What is expected
For the records below, please print exactly and only the lines from the one with "cuento de hadas" down to the one with "Haaga Rhododendron Park, Helsinki, Finland", both ends included, omitting the pictures.

Dataset
#####

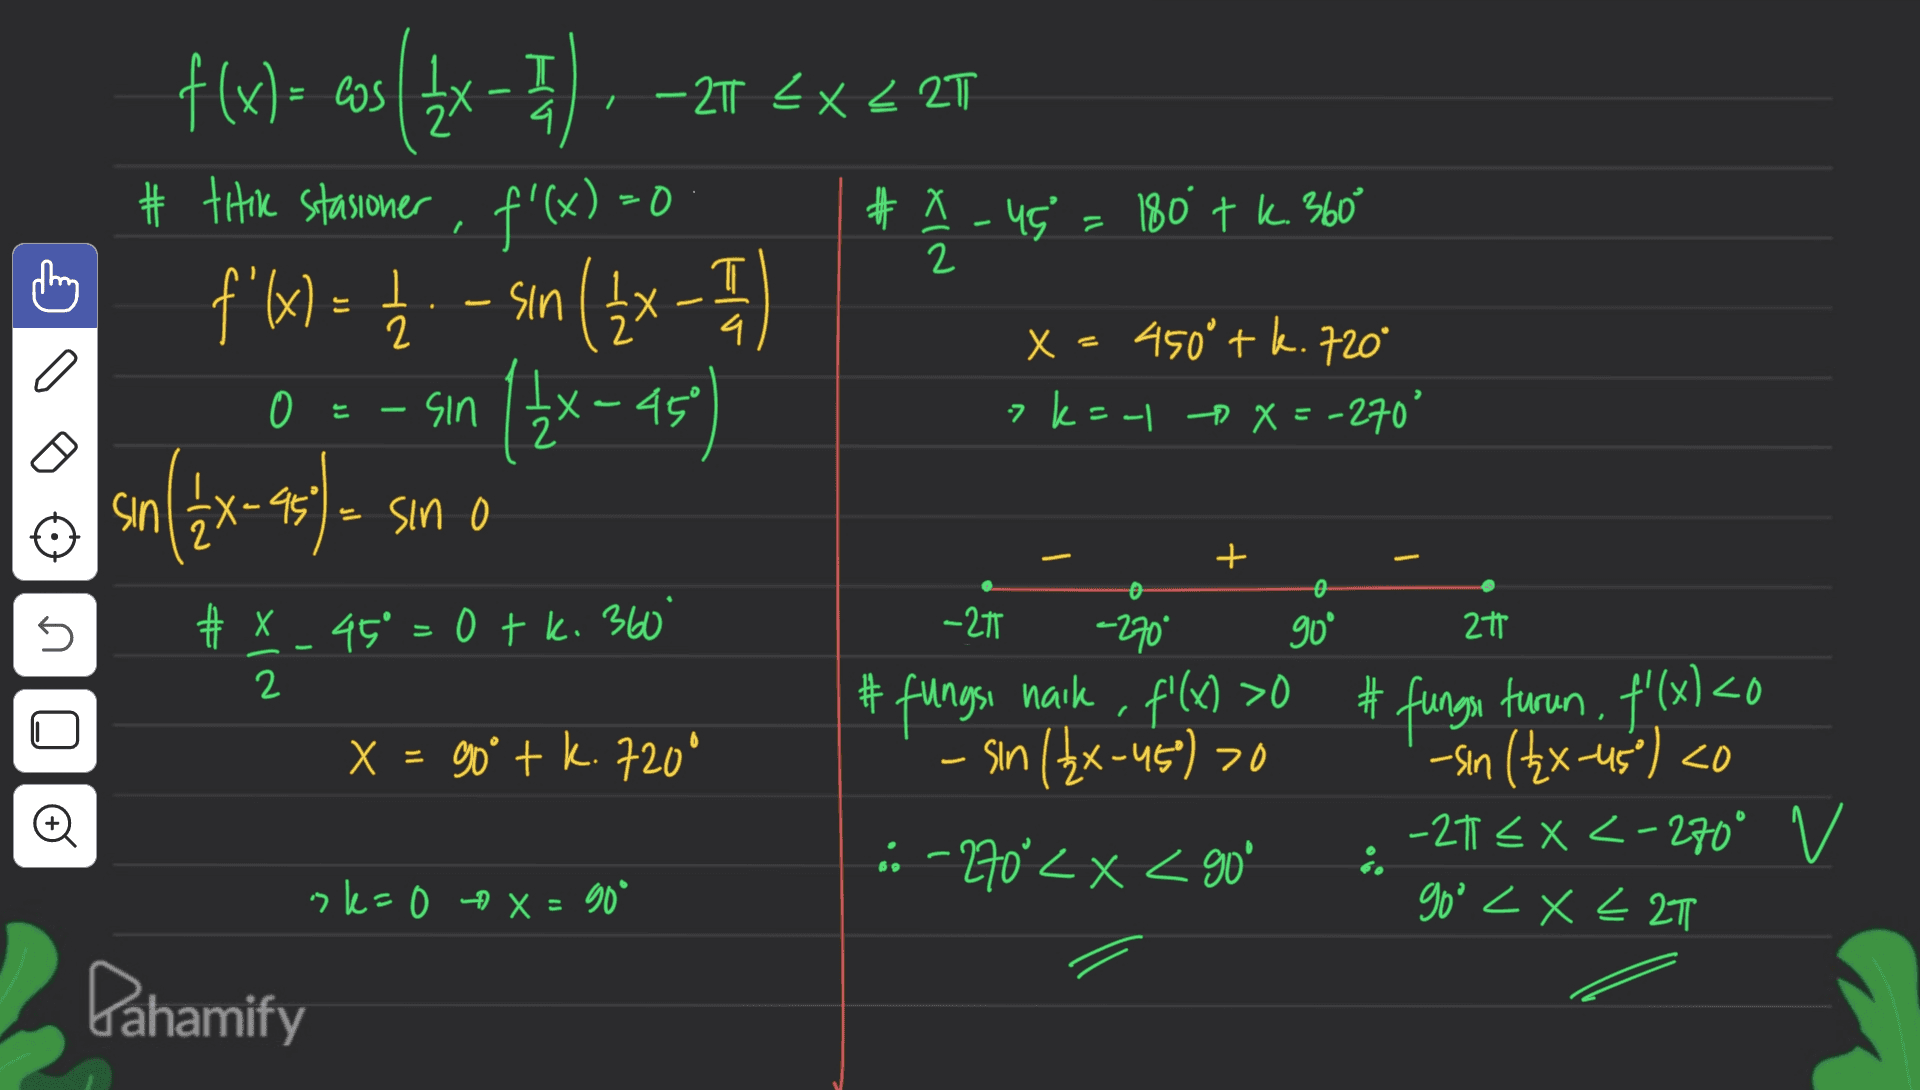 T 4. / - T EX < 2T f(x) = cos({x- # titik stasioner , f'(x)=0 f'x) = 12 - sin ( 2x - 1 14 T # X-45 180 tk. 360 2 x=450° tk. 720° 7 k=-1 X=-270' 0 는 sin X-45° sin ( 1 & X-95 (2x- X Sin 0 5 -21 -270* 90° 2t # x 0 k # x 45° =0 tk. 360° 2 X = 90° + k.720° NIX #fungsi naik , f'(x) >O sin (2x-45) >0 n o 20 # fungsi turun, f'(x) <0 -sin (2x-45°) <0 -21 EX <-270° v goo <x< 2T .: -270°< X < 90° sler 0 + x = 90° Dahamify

#####

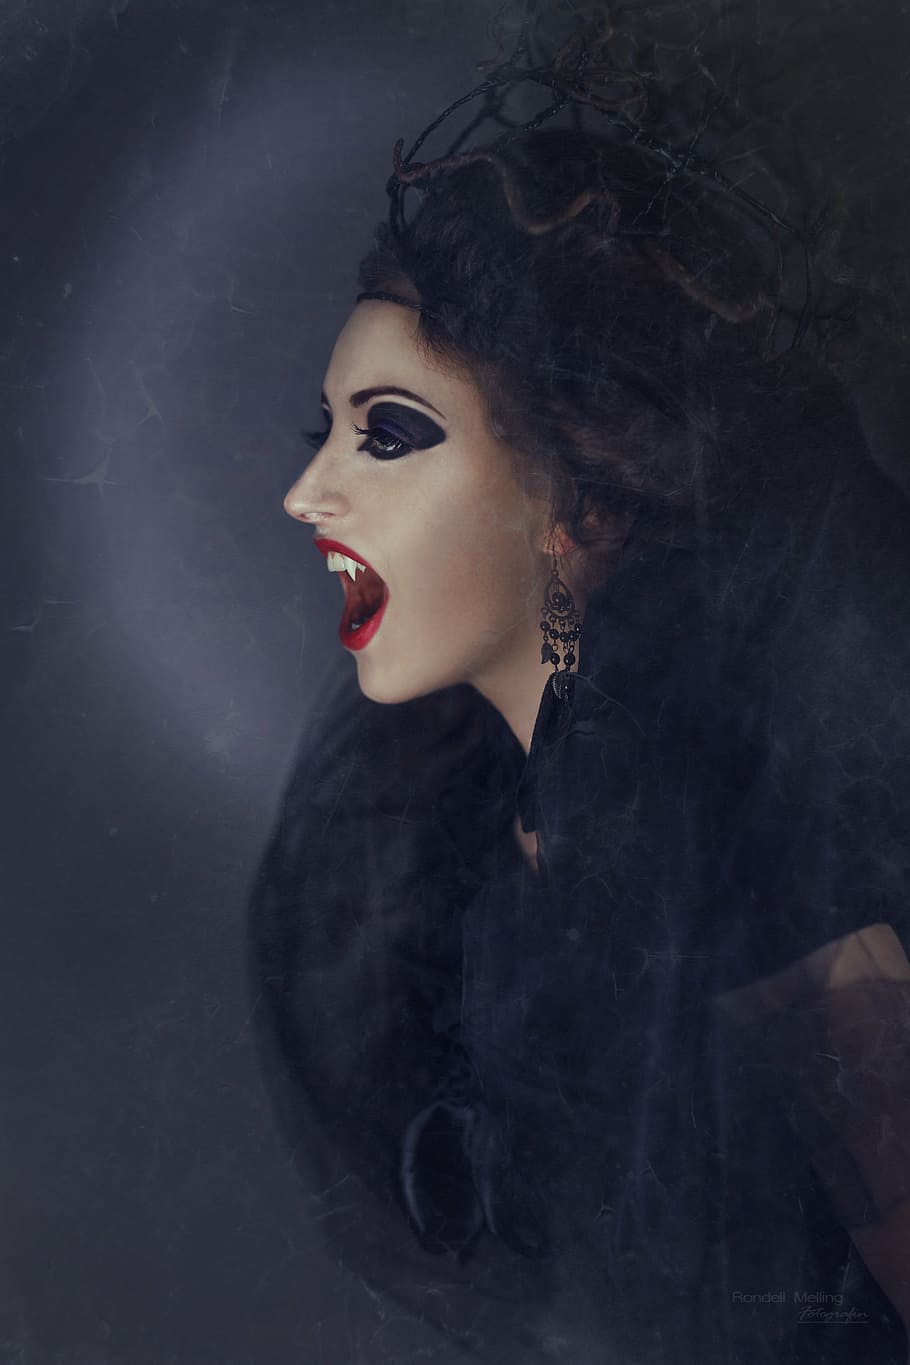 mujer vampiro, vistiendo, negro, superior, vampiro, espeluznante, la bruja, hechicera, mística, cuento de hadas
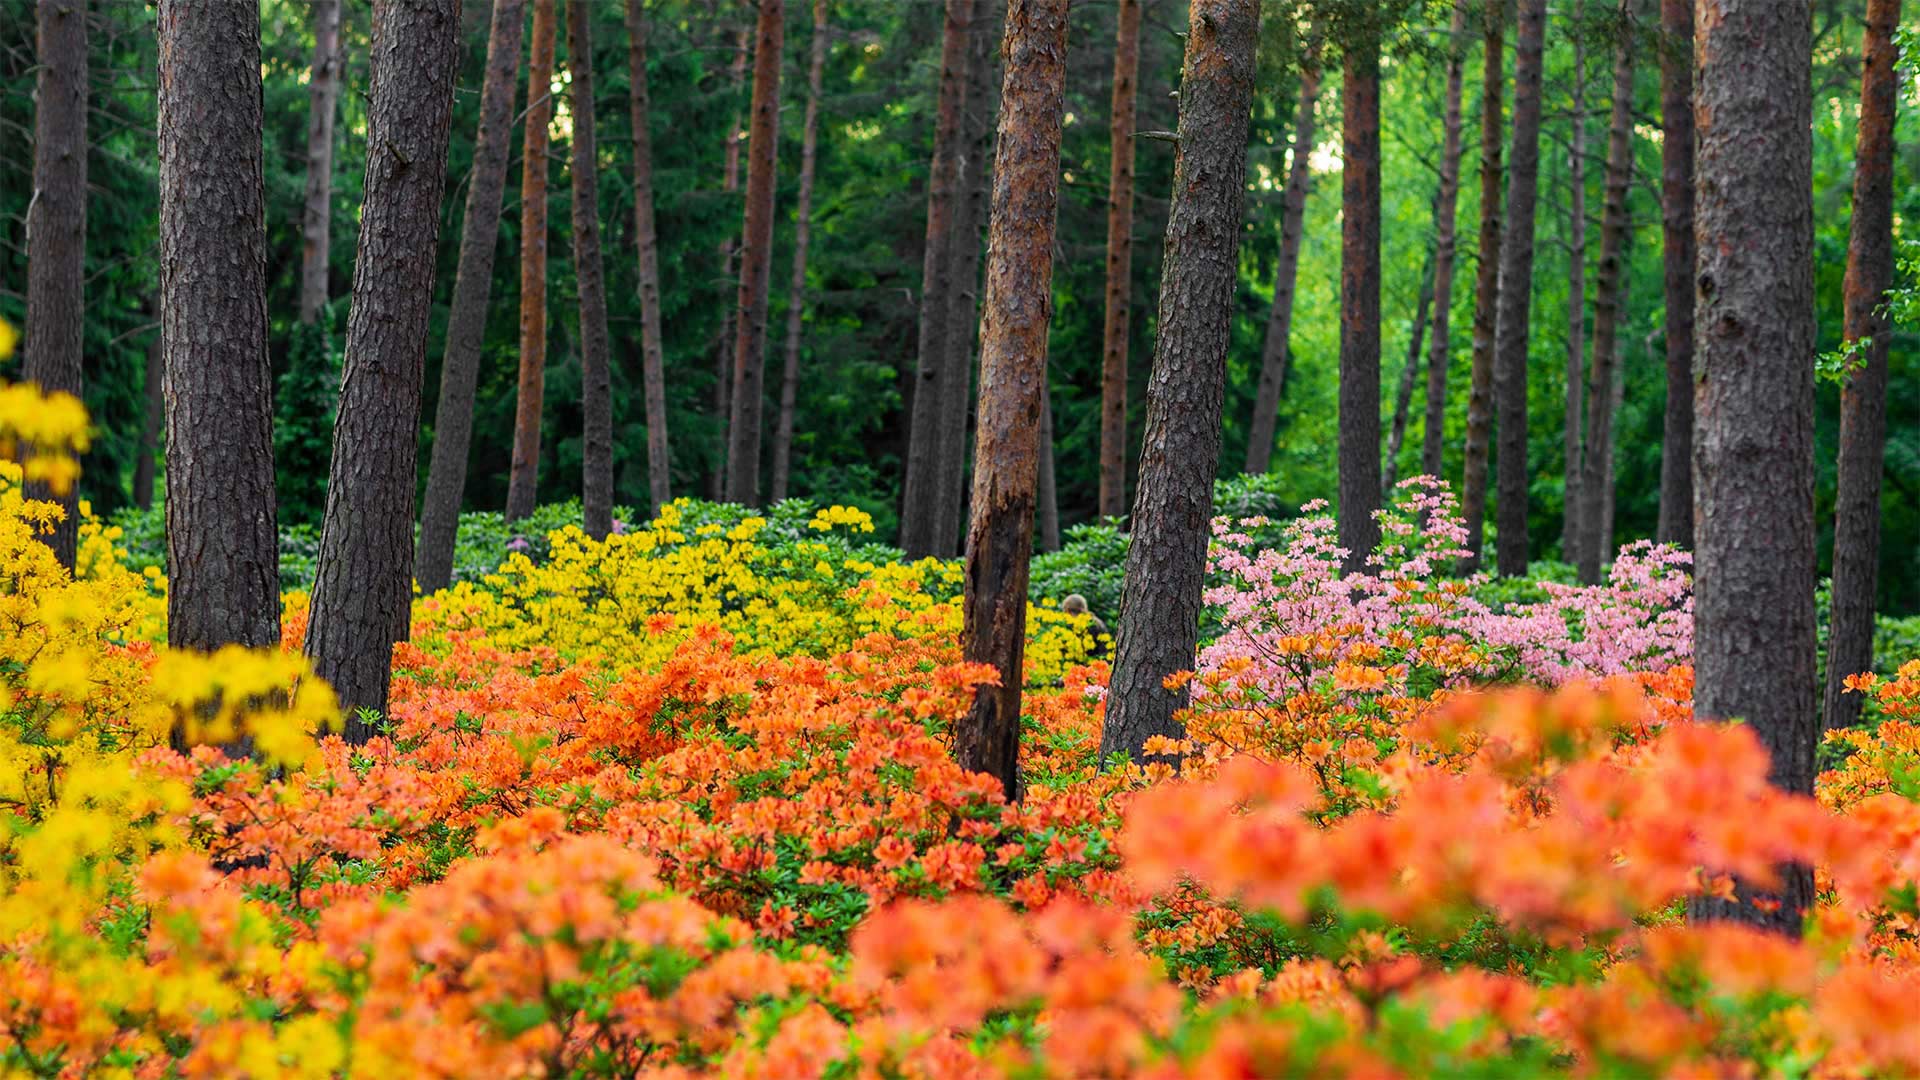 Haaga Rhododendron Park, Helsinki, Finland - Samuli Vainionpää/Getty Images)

#####

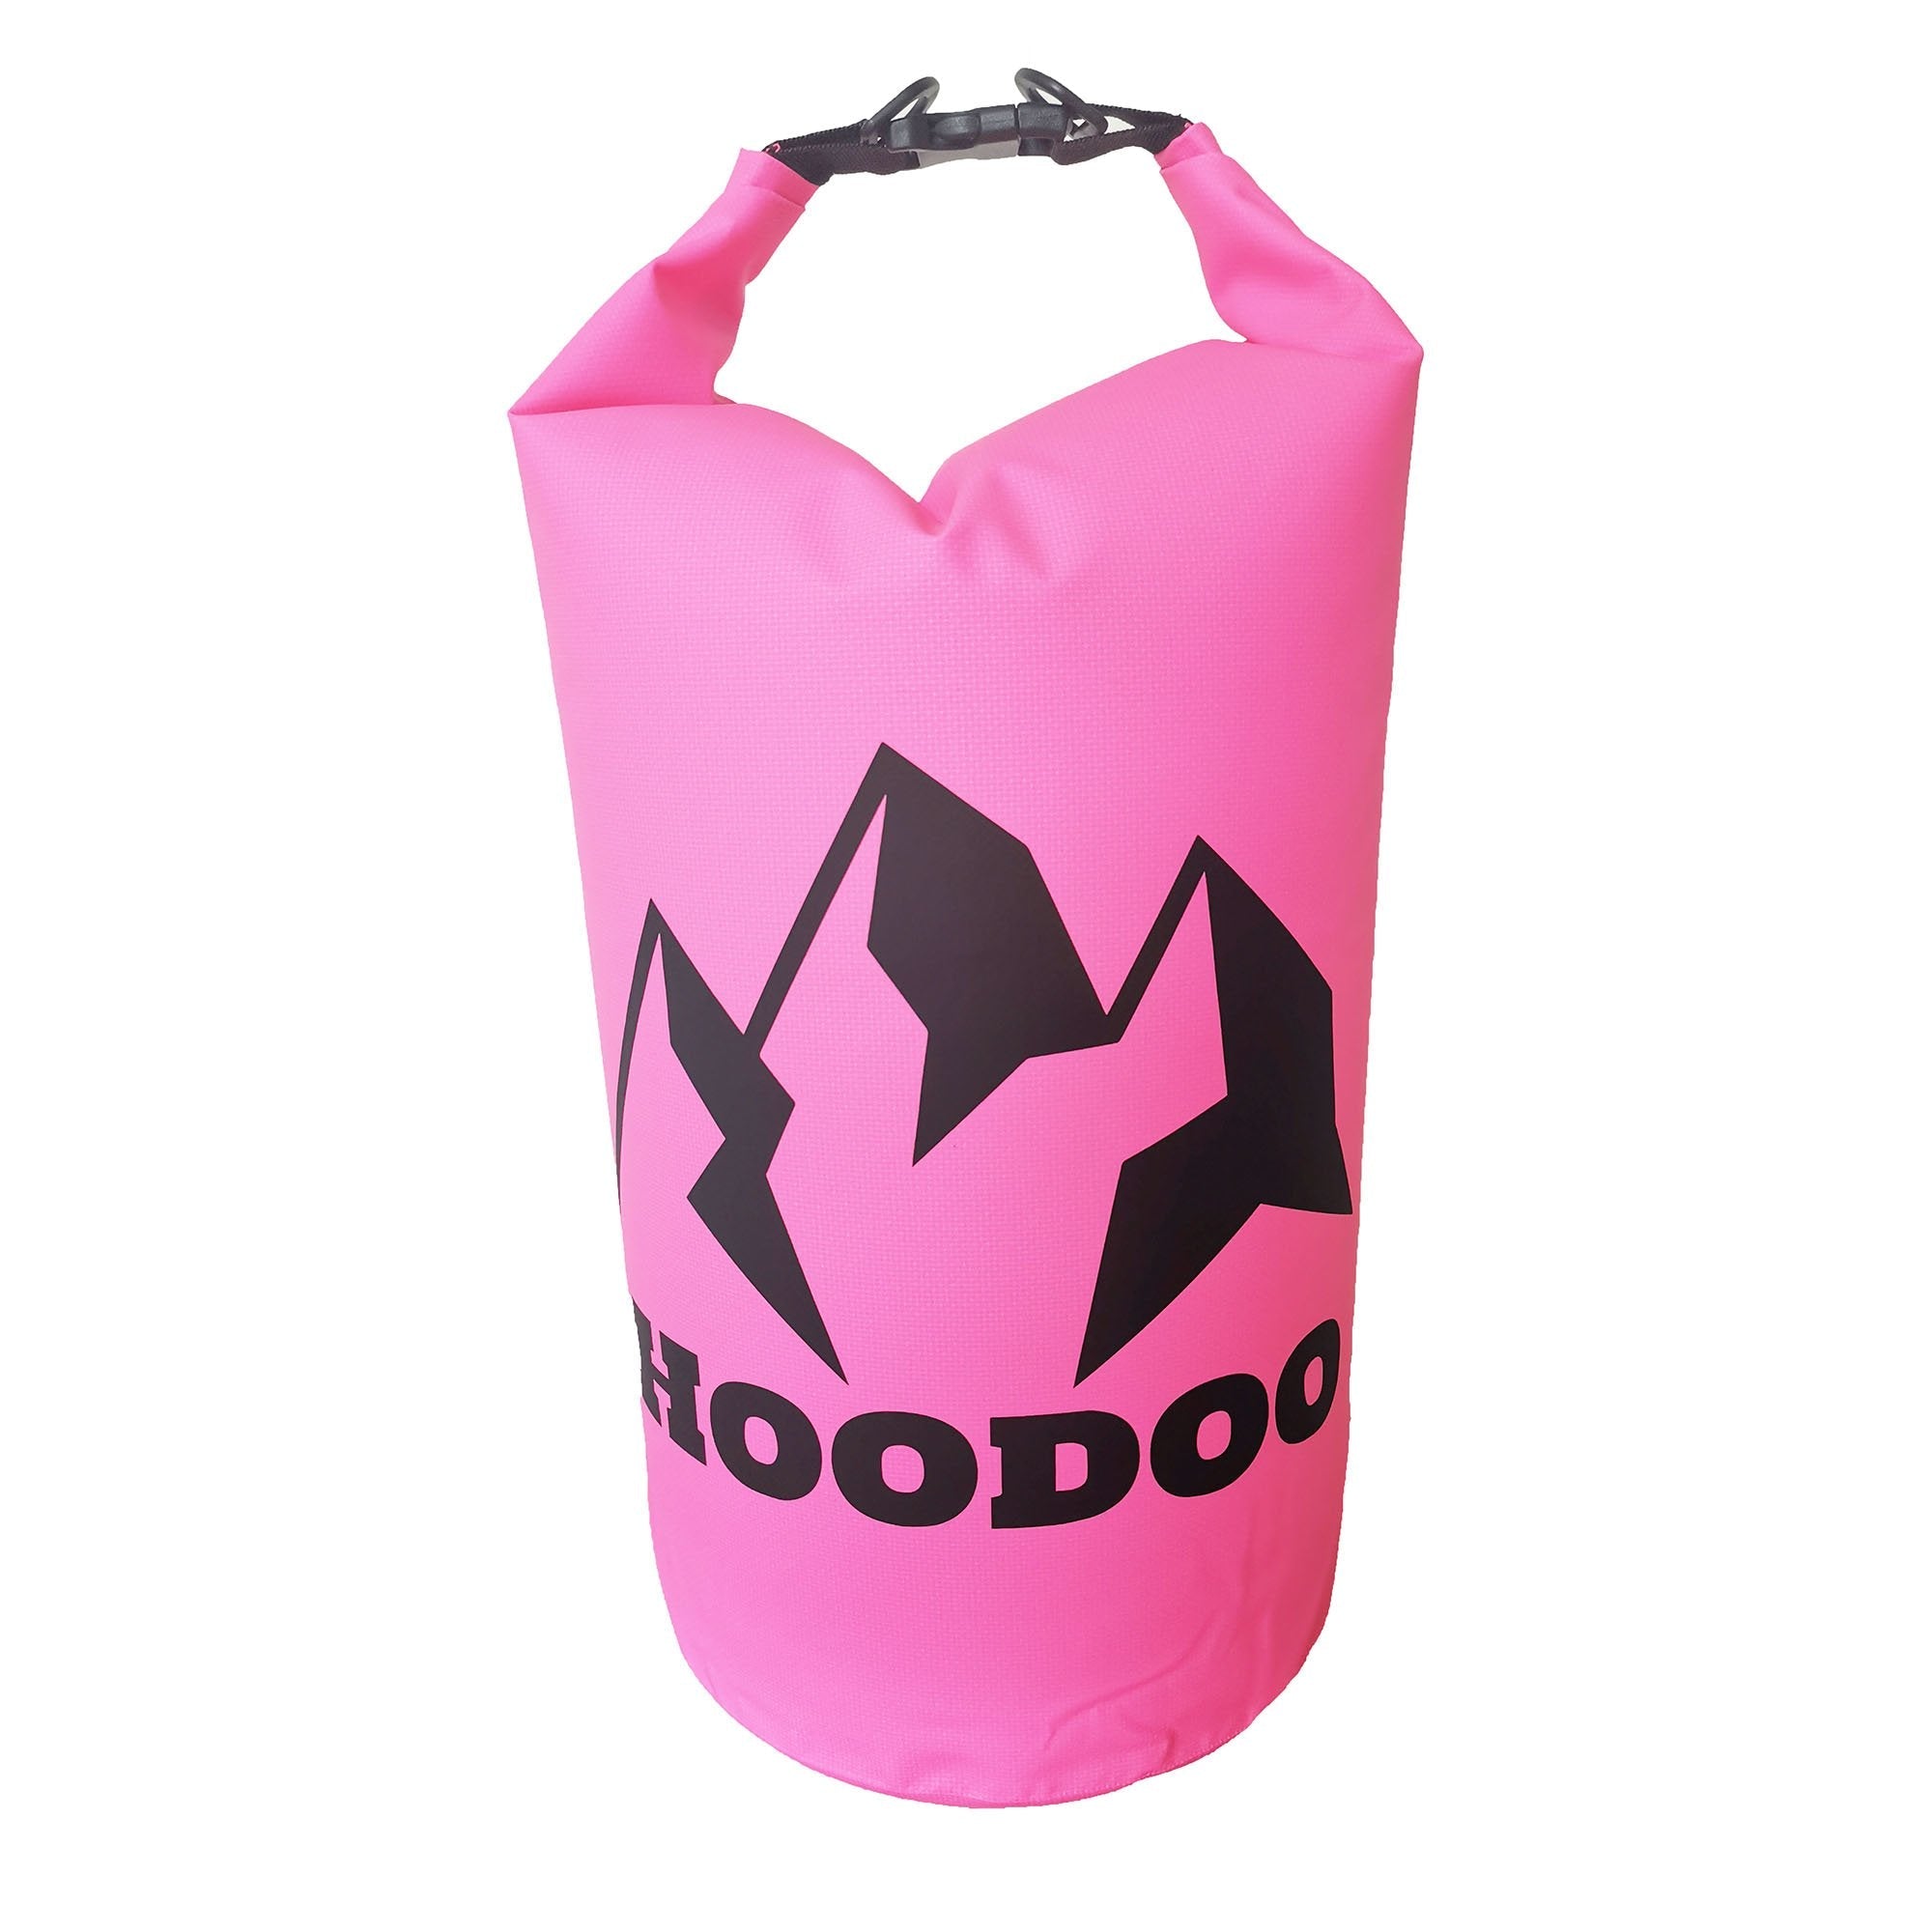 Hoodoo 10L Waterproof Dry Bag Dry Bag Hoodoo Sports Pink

#####

Solution
 mujer vampiro, vistiendo, negro, superior, vampiro, espeluznante, la bruja, hechicera, mística, cuento de hadas
 Haaga Rhododendron Park, Helsinki, Finland - Samuli Vainionpää/Getty Images)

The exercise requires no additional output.